Tuesday, October 23, 2007
Paul Danbury, age 14:
But I guess that’s what dreams essentially are, though; just some heightened sense of perception. You just really feel dreams. It’s pretty intense, and sometimes I think that I am actually experiencing my dreams like I would experience any other waking moment, but after I think about it for a spit, I always reduce that notion back to just thinking that I had an extra sense of sense. When everything else was shut down in my body, I could actually take some time to entertain those cavernous thoughts that I had every single second of every single day. I know that I’ve heard that dreams are pretty much just actualized thoughts, but I’m talking about the ones about feeling up girls and unhooking their bras, and driving a fast blue car down a sleek highway in some loud lush rainstorm; the ones that I wanted; the aspiration kind of dreams.
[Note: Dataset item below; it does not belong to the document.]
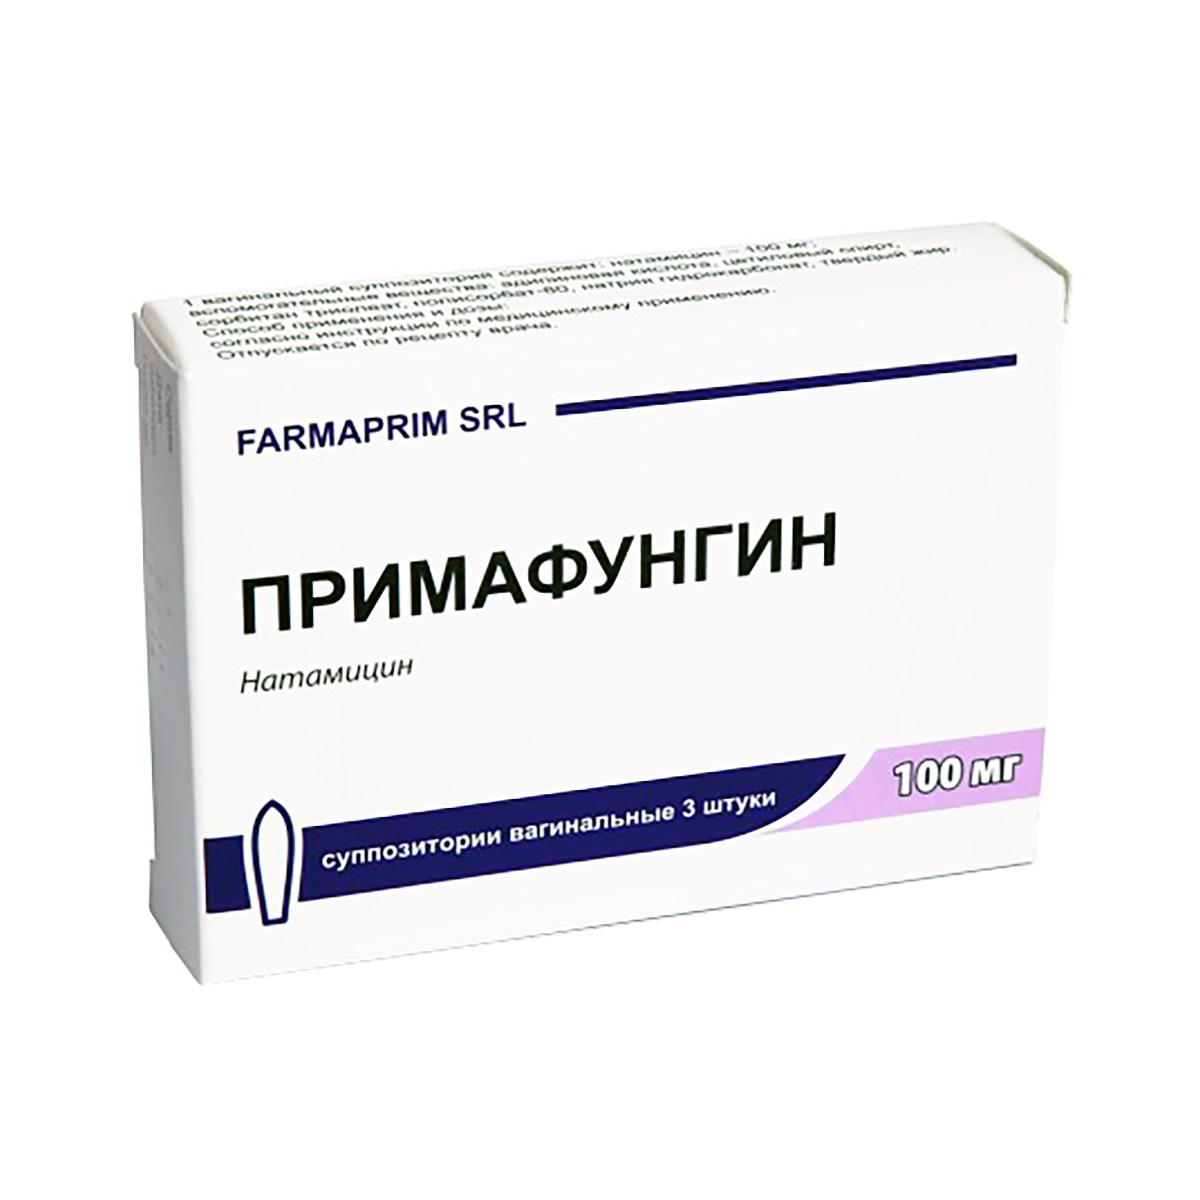 Примафунгин 100 мг суппозитории вагинальные 3 шт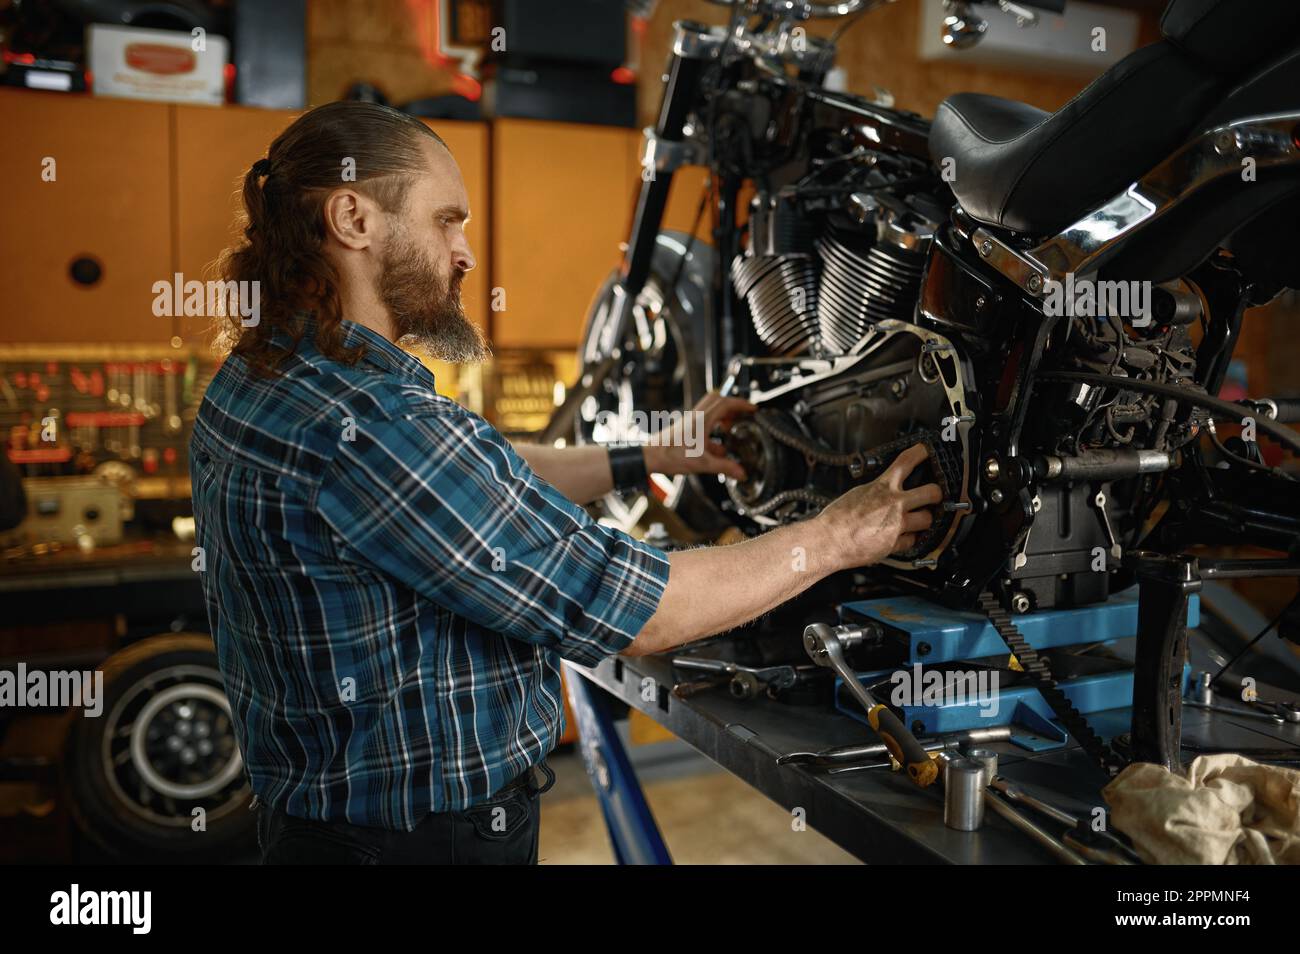 Homme mécanicien de réparer le moteur de moto travaillant dans un atelier de garage Banque D'Images

I knew those kinds of dreams were there, usually, but when I had to look at other things and taste all the air all the time and smell the pungent fragrance of a rainy morning, I just couldn’t give them the attention they deserved. That feels strange for me to say, because while I’m walking around all the time, I’m thinking all about dreaming, and all about my dreams, but the second I would utter a word to anyone about any aspect of them, they would shatter into a thousand brittle shards. So, I just didn’t talk about them, ever. I didn't talk about anything. I don’t know why people always say to follow your dreams, though. They should tell you to be more selective about just which dreams you should be following. I’ve learned that I have a lot of dreams that come straight from the hottest pits of hell itself.